Distribution: Honshu east of Chubu District, not including Sado Island (Figure 24). The northernmost collection site of the specimens examined in this study is Mt. Gassan (Yamagata, Nishikawa-machi, Shizu), and the westernmost is the Kiso Vally (Nagano, Agematsu-machi).

Specimens examined: Type specimens: P. polygenus lectotype ♂ (NHMUK), by present designation, “ ^∗∗∗∗ 22/81 81 [back side of mount card] \\ Type \ H.T. \\ Japan. \ G. Lewis. \ 1910–320. \\ Chiuzenji. \ 19.VIII.-24.VIII.81. \\ Omaseus? \ polygenus \ Bates \\ [QR Code] \ NHMUK 015551571”; P. polygenus paralectotype ♂ (NHMUK), “ ^∗i ^∗∗h [back side of mount card] \\ Japan. \ G. Lewis. \ 1910–320. \\ Ex coll. \ Brit. Mus. \\ Co- \ type \\ Pseudomaseus \ polygenus \ Bates \\ H. E. Andrewes Coll. \ B.M.1945-97. \\ [QR Code] \ NHMUK 015551573”; P. brittoni holotype ♂ (NARO), “Holotype \ Pterostichus \ brittoni \ HABU \\ VII. 25, 1954 \ Katashina, \ near Oze,Gum- \ ma P. A.Habu” [through high-quality photos, which are available in the type-specimen database of NARO [44]].

Specimens from type localities (not types): 2♂1♀ (KS), Mt Fujisan [type locality of P. harponifer] (1♀, Shizuoka, Fujinomiya-shi, Awakura, the Fujisan-Skyline, alt. ca 1600–1900 m, 23–34-VI-2004, K. Sasakawa & H. Ikeda leg.; 2♂, Yamanashi, Narusawa-mura, alt. 1693 m, 1–2-VII-2013, K. Sasakawa leg.).
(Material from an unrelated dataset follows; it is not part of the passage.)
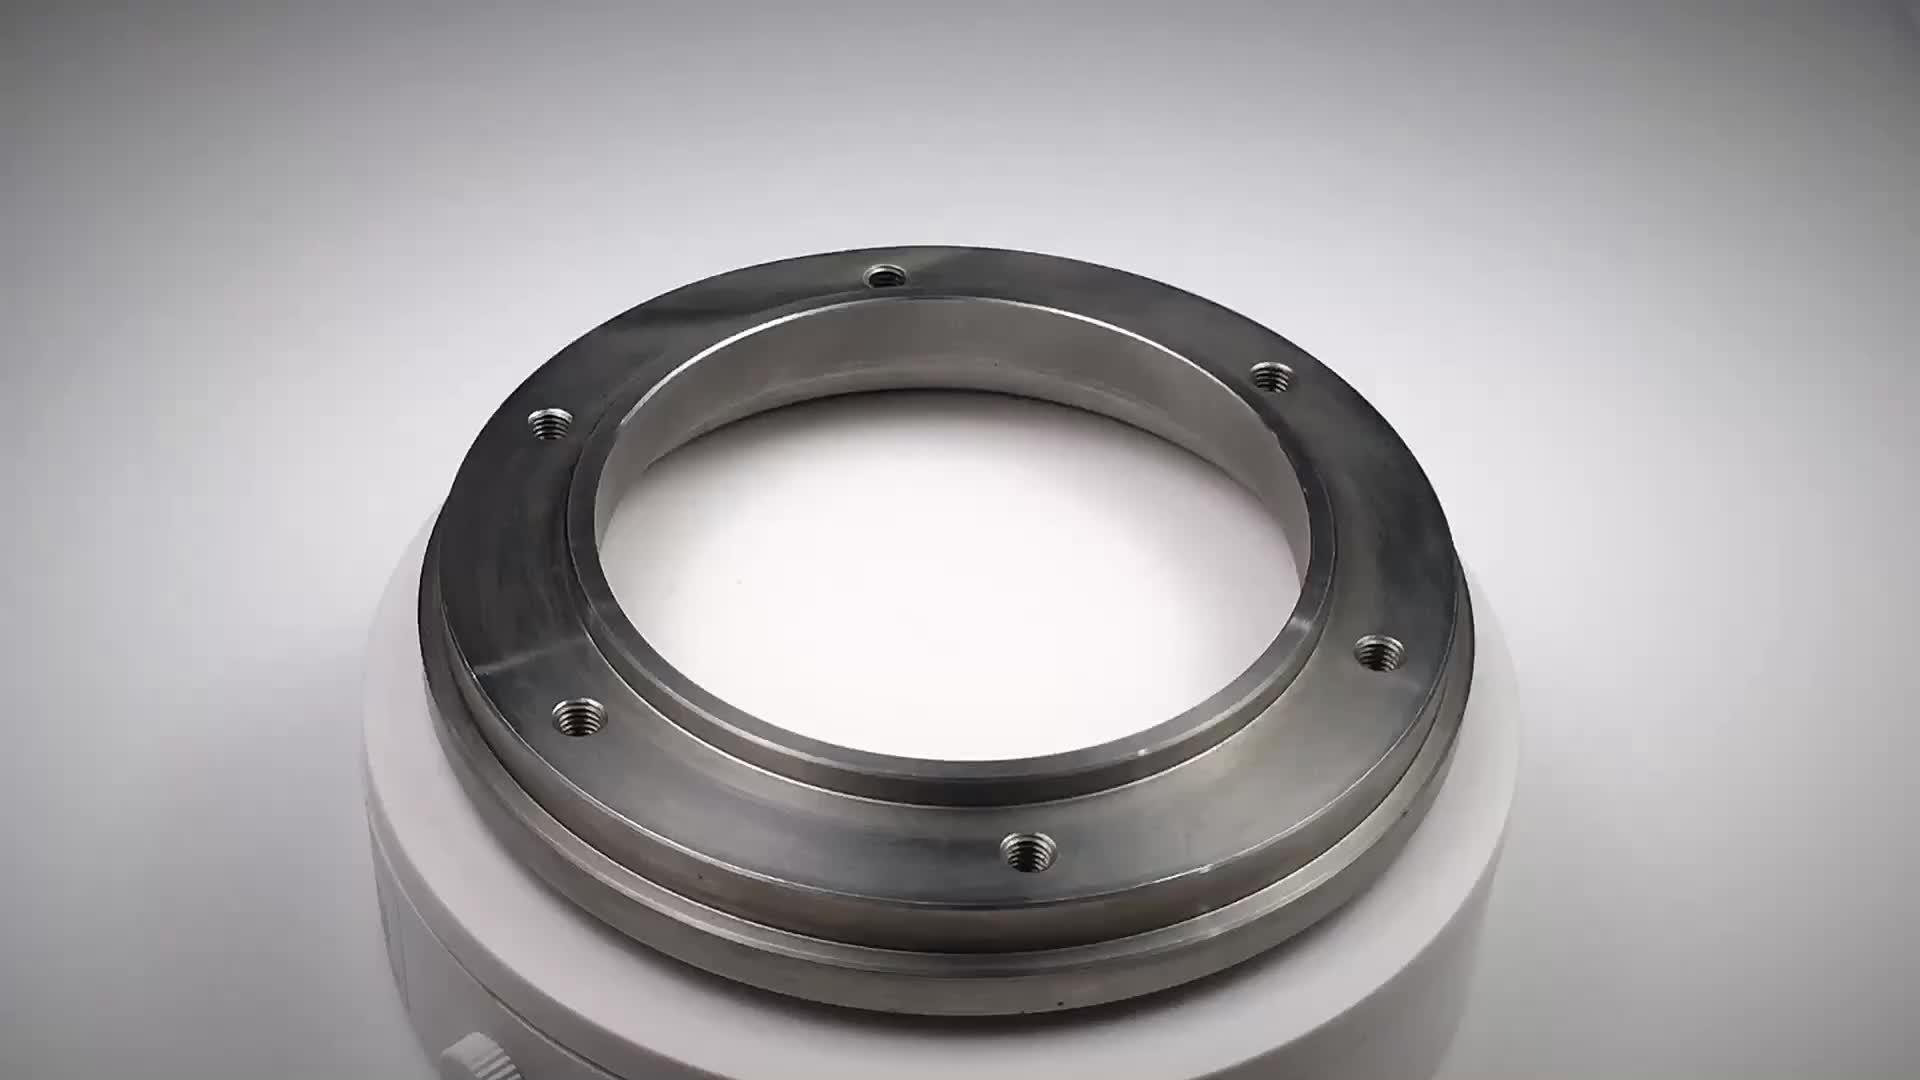 CNC 機械加工フランジインベストメント鋳造

Other specimens: 2♂1♀ (KS), Yamagata, Nishikawa-machi, Shizu, alt. ca 900 m, 24-VI–8-VII-2006, K. Sasakawa; 1♂ (KS), Yamagata, on the border between Yanagawa, Ôe-machi and Shirakura, Asahi-machi, Buna-tôge Pass, 9–10-IX-2004, K. Sasakawa leg.; 2♂ (KS), Fukushima, Fukushima-shi, Tsuchiyuonsenmachi, Tsuchiyu-tôge-shitsugen wetland, 23–24-V-2003, K. Sasakawa leg; 1♂ (KS), Tochigi, Nasu-machi, Yumoto, Yawata-Onsen, alt. 1200 m, 18–19-VII-2010, K. Sasakawa leg.; 1♀ (KS), Tochigi, Nikkô-shi, Chȗgȗshi, Kotoku-Bokujô Ranch, alt. 1440 m, 15-IX-2007, W. Toki leg.; 2♂ (KCMI), Tochigi, Nikkô-shi, Yumoto, near Lake Yunoko, 20-VII-1975, T. Matsuda leg.; 1♀ (KS), Tochigi, Nikkô-shi, Yumoto, Konsei-zawa, alt. ca. 1550 m, 15–16-IX-2012, K. Sasakawa leg; 1♂2♀ (KS), Gunma, Minakami-machi, Yubiso, 15–17-VII-2001, K. Sasakawa leg. (1♂, near Tenjindaira Station on Tanigawadake Ropeway, alt. 1380 m; 2♀, near Doaiguchi Station on Tanigawadake Ropeway, alt. 750m); 1♂ (KS), Gunma, Minakami-machi, Nagai, Mikuni-tôge Pass, 25–27-VIII-2002, H. Ikeda leg.; 1♂3♀ (EUM), Tokyo, Okutama-machi, Nippara, Mt. Kintaisan, R. Shiiba leg. (1♂1♀, 17.I.2016; 2♀, 6.III.2016); 1♀ (KS), Tokyo, Okutama-machi, Nippara, Mt. Kumotoriyama, near the summit, 5–12-VIII-1999, K. Sasakawa leg.; 1♀ (KS), Kanagawa, Ashigara-shi, Hakonemachi, Motohakone, Mt. Komagatake, 24–29-VI-2002, K. Sasakawa leg.; 1♂ (KS), Yamanashi, Tabayama-mura, Mt. Nanatsuishiyama, near the summit, 10–18-X-1999, K. Sasakawa leg.; 1♂ (KS), Yamanashi, Tabayama-mura, Mts. Okutama, Mizunashione ridge, 19-VI-1999, K. Sasakawa leg.; 1♂1♀ (KS), Yamanashi, Hokuto-shi, Takanecho, Kiyosato, 24–25-IX-2022, T. Shimizu leg.; 1♂1♀ (KS), Yamanashi, Minobu-cho, Ôjiro, Abe-tôge Pass, alt. 1100 m, 1–2-X-2003, K. Sasakawa leg; 1♂2♀ (KS), Yamanashi, Kôshû-shi, Enzan, Ichinosetakahashi~Kamihagiwara, Yanagisawa-tôge Pass, 27-V-1971, R. Ishikawa leg.;1♀ (KS), Nagano, Chino-shi, Tamagawa, alt. ca 1600 m, 15–16-IX-2009, K. Sasakawa & H. Ikeda leg.; 1♂ (KS), Nagano, Agematsu-machi, Ogawa, Ashizawa, 11-X-1999, M. Hama leg.; 1♀ (KS), Nagano, Ina-shi, Hase, Kurogouchi, Kitazawa-tôge Pass, 15-X-1998, M. Hama leg.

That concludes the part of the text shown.